■ Assignment
Below are the records. Retype exactly the lines between the lines holding "ETM601 - Entremeio" and "Die Stadtverband der", inclusive.

BEGIN

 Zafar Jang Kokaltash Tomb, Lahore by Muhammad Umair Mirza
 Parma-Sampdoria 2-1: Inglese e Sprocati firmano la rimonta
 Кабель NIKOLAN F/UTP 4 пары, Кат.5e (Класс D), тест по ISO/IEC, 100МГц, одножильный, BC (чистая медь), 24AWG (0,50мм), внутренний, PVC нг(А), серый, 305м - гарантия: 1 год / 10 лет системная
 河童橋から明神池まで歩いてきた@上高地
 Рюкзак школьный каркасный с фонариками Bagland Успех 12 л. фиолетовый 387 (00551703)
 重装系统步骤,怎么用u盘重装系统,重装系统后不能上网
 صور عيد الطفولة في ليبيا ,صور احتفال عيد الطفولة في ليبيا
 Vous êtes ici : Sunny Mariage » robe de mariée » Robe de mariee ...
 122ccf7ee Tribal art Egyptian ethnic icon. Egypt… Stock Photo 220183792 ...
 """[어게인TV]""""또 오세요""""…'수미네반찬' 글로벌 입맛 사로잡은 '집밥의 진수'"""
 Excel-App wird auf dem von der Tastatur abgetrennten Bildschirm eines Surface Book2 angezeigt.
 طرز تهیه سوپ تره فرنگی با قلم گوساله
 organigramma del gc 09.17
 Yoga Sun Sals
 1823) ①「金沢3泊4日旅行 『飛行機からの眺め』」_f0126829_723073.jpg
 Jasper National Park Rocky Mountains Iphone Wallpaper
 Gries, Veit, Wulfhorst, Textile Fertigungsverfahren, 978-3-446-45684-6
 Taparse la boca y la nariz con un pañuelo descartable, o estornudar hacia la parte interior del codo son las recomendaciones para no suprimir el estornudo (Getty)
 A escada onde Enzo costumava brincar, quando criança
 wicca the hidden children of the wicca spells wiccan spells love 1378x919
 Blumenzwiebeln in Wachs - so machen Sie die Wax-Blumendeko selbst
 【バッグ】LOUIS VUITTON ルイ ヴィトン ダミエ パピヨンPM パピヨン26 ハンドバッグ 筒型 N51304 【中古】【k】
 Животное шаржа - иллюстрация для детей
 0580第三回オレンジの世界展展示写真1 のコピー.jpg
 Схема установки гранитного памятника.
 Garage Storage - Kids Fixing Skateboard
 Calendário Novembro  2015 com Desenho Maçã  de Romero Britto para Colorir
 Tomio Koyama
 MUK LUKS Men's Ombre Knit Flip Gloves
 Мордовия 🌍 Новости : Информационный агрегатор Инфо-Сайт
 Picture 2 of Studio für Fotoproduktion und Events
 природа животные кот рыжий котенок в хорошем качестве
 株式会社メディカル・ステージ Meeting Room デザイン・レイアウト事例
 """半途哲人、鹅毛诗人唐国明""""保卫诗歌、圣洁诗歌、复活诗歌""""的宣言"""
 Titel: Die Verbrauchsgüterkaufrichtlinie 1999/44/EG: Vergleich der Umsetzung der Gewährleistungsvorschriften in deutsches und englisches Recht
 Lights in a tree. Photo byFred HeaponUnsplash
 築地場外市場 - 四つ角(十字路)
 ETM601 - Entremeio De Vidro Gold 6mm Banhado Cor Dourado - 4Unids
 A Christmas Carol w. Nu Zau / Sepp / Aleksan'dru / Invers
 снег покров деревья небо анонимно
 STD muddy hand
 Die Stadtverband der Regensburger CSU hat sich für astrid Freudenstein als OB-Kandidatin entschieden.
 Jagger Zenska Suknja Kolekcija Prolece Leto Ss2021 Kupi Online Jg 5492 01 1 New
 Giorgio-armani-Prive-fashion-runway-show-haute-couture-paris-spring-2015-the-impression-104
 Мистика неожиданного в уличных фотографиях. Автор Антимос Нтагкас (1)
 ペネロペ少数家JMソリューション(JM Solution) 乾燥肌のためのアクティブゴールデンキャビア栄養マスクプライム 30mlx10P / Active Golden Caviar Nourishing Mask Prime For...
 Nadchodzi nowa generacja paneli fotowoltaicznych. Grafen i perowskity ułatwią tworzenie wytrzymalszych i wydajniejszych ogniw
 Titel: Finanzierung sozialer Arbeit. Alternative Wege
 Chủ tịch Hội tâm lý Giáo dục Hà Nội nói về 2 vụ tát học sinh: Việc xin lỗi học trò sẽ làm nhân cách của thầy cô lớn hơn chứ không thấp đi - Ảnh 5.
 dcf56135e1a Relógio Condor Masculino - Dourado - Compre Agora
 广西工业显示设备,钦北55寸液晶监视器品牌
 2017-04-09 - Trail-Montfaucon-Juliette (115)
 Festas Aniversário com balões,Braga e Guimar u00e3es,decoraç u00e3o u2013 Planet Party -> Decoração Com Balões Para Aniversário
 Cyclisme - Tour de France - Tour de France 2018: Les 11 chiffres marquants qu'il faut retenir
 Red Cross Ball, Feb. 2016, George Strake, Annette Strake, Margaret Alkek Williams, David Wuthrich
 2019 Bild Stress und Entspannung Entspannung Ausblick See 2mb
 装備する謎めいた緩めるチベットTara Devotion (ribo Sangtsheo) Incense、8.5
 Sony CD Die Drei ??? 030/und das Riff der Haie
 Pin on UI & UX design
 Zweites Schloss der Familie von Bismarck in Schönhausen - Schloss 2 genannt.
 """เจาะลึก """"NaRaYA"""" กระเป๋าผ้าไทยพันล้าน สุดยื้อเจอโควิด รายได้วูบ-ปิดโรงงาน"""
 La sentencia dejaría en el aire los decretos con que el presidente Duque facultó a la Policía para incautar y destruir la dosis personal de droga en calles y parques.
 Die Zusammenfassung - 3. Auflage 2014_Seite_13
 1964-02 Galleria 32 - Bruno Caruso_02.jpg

END

■ Worked solution
 ETM601 - Entremeio De Vidro Gold 6mm Banhado Cor Dourado - 4Unids
 A Christmas Carol w. Nu Zau / Sepp / Aleksan'dru / Invers
 снег покров деревья небо анонимно
 STD muddy hand
 Die Stadtverband der Regensburger CSU hat sich für astrid Freudenstein als OB-Kandidatin entschieden.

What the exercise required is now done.